Step-By-Step Instructions
Alright, let’s get cooking!
- First, soak your basmati rice in water for 15-30 minutes. This helps it cook up fluffy and separate. Then, give it a good rinse and drain.
- Now, heat the oil and ghee in a pressure cooker over medium heat. Once hot, add the cumin seeds, bay leaf, cinnamon stick, cloves, cardamom pods, and star anise. Let them sizzle for about 30 seconds – you’ll smell the amazing aroma!
- Add the green chilli and ginger garlic paste. Sauté until golden brown, usually about a minute or two. Don’t let the garlic burn!
- Toss in the sliced onions and a pinch of salt. Fry until they turn a beautiful golden brown. This takes patience, but it’s worth it for the flavor.
- Mix in the mint leaves and sauté for just a minute. You want to release their fragrance, but not cook them to death.
- Add the fresh or frozen green peas and sauté for another 2 minutes.
- Add the drained rice and sauté briefly, just to coat it with all those lovely spices.
- Pour in the water, adjust the salt to your liking, and close the pressure cooker. Cook for 3 whistles on medium flame.
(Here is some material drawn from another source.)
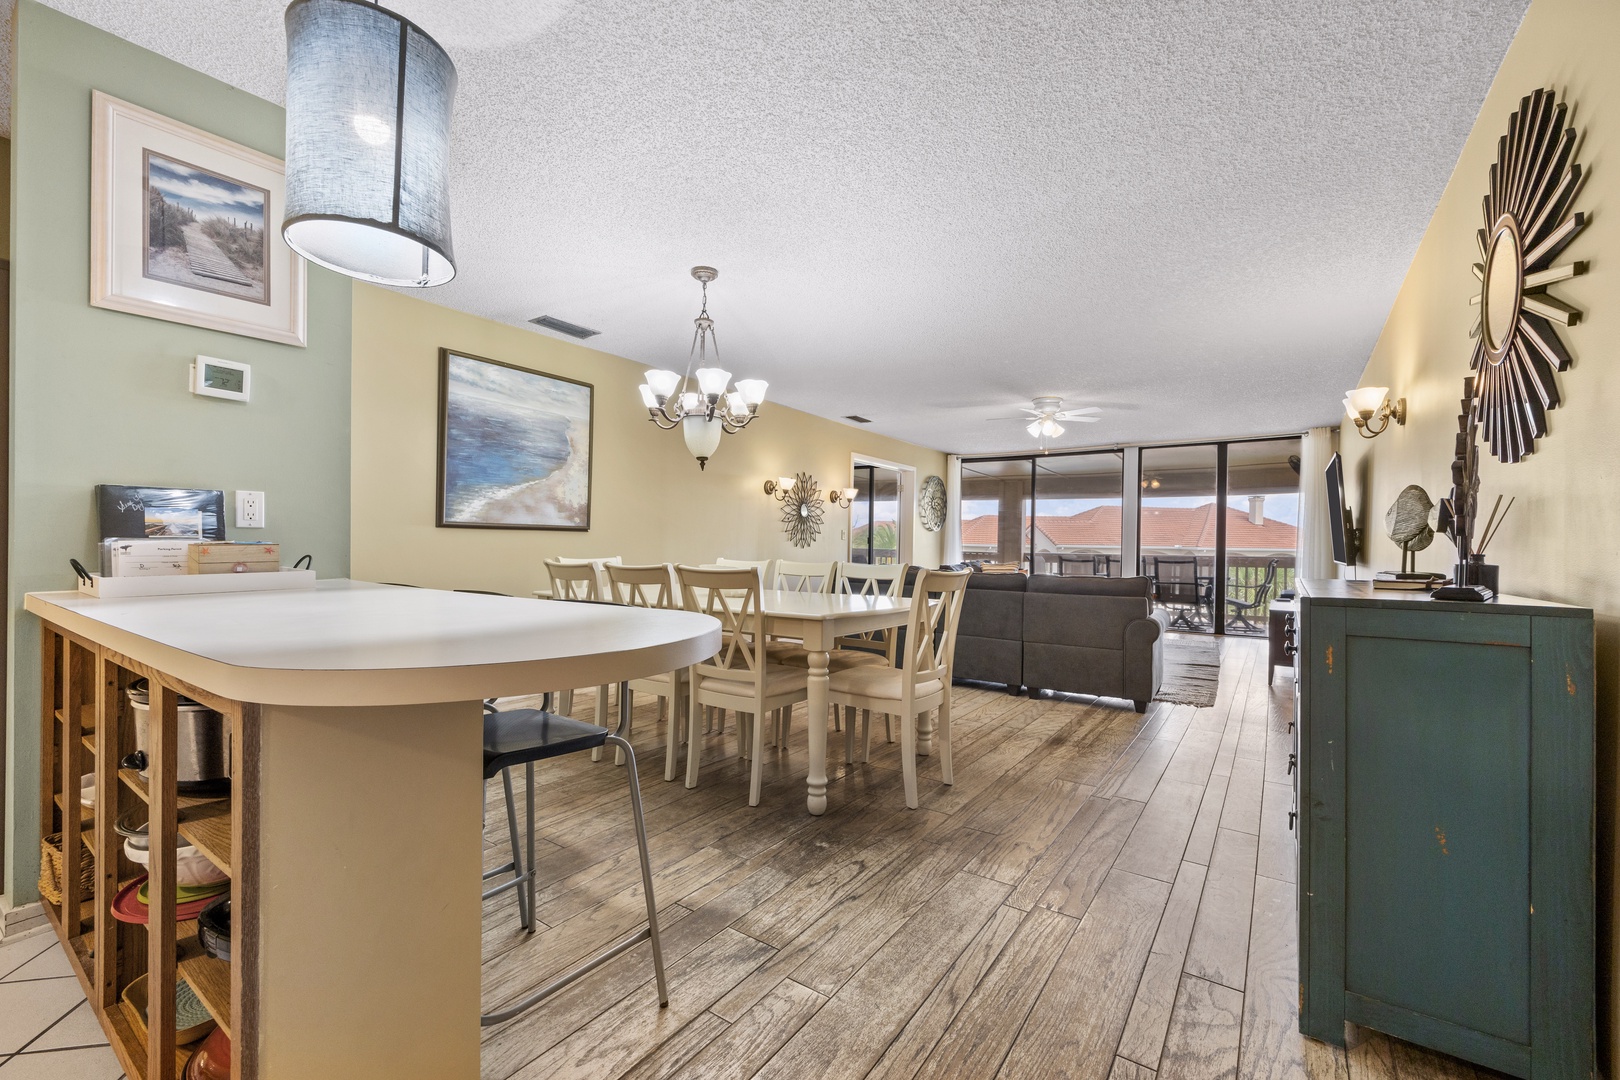 Enjoy the breezy, open layout between the kitchen and dining/living areas
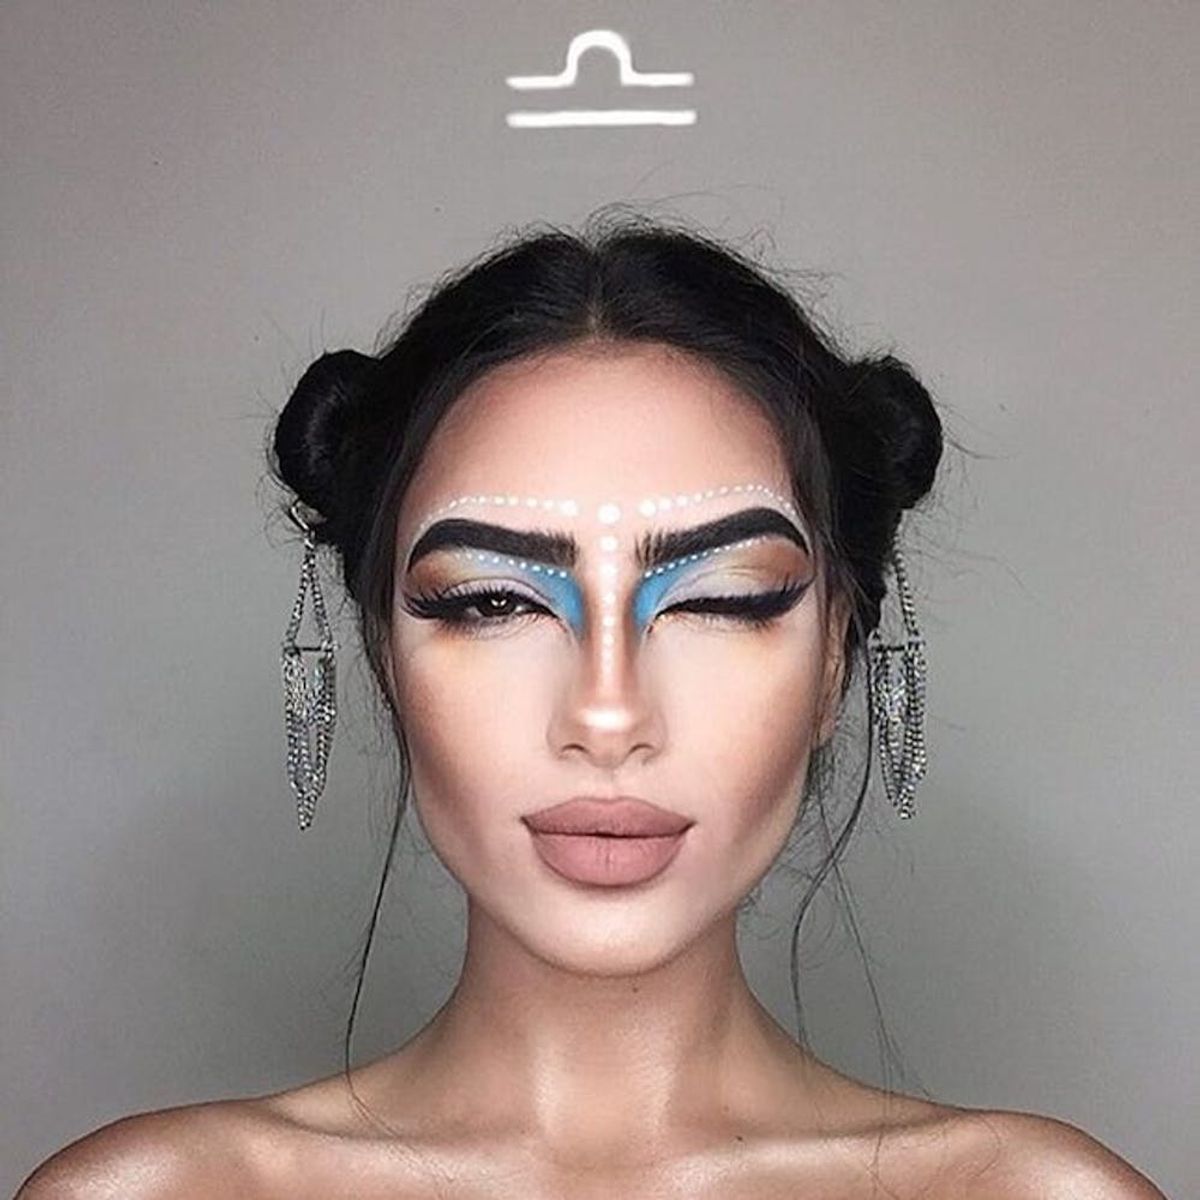 This Makeup Artist Created Stunning Astrology Beauty Looks for Each Zodiac Sign

- Let the pressure release naturally. Then, gently fluff the rice with a fork. Be gentle – you don’t want to break the grains!
- Serve hot and enjoy!
Expert Tips
Want to take your Green Pea & Mint Rice to the next level? Here are a few of my go-to tips:
- Fluffy Rice Secret: Soaking the rice is crucial! It helps the grains cook evenly and prevents them from sticking together.
- Avoiding Sticky Rice: Don’t overcook the rice! Keep a close eye on the pressure cooker and let the pressure release naturally.
- Spice Balance: Taste as you go! Adjust the amount of green chilli and salt to your preference.
Variations
This recipe is super versatile. Here are a few ways to customize it:
- Vegan Adaptation: Simply substitute the ghee with a plant-based oil. Coconut oil adds a lovely subtle flavor!
- Gluten-Free Adaptation: This recipe is naturally gluten-free! Just double-check that your spices are sourced from a gluten-free facility if you’re particularly sensitive.
- Spice Level Adjustment:
- Mild: Reduce or omit the green chilli.
- Medium: Use 1 green chilli.
- Spicy: Add 2 or more green chillies, or a pinch of red chilli powder.
- Festival Adaptations: This rice is perfect for festive occasions! Serve it during Holi with a side of gujiya (sweet dumplings) or during Eid with sheer khurma (vermicelli pudding).
Serving Suggestions
This Green Pea & Mint Rice is delicious on its own, but it’s even better with a side dish! I love pairing it with:
- Raita: A cooling yogurt dip with cucumber and spices.
- Dal: A comforting lentil curry.
- Vegetable Curry: A flavorful vegetable dish like aloo gobi (potato and cauliflower curry) or bhindi masala (okra curry).
Storage Instructions
Leftovers? Yes, please! Store any leftover rice in an airtight container in the refrigerator for up to 3 days. Reheat gently in the microwave or on the stovetop with a splash of water to prevent it from drying out.
FAQs
Got questions? I’ve got answers!
1. What type of rice is best for this recipe?
Basmati rice is the way to go! It has the perfect texture and aroma for this dish.
2. Can I use frozen mint instead of fresh?
Yes, you can! Use about 2 tablespoons of frozen mint.
3. How do I adjust the amount of green chilies for less heat?
Reduce the amount of green chilli or remove the seeds before adding it to the recipe.
4. What if I don’t have a pressure cooker? Can I cook this in a pot?
Absolutely! Cook the rice in a pot with 2 cups of water, covered, over low heat for about 15-20 minutes, or until the water is absorbed.
5. Can this rice be made ahead of time?
Yes, you can make it a day ahead and reheat it. It might lose a little bit of its fluffiness, but it will still be delicious!
6. What is the role of ghee in this recipe and can it be substituted?
Ghee adds a rich, nutty flavor. You can substitute it with oil, but the flavor won’t be quite the same.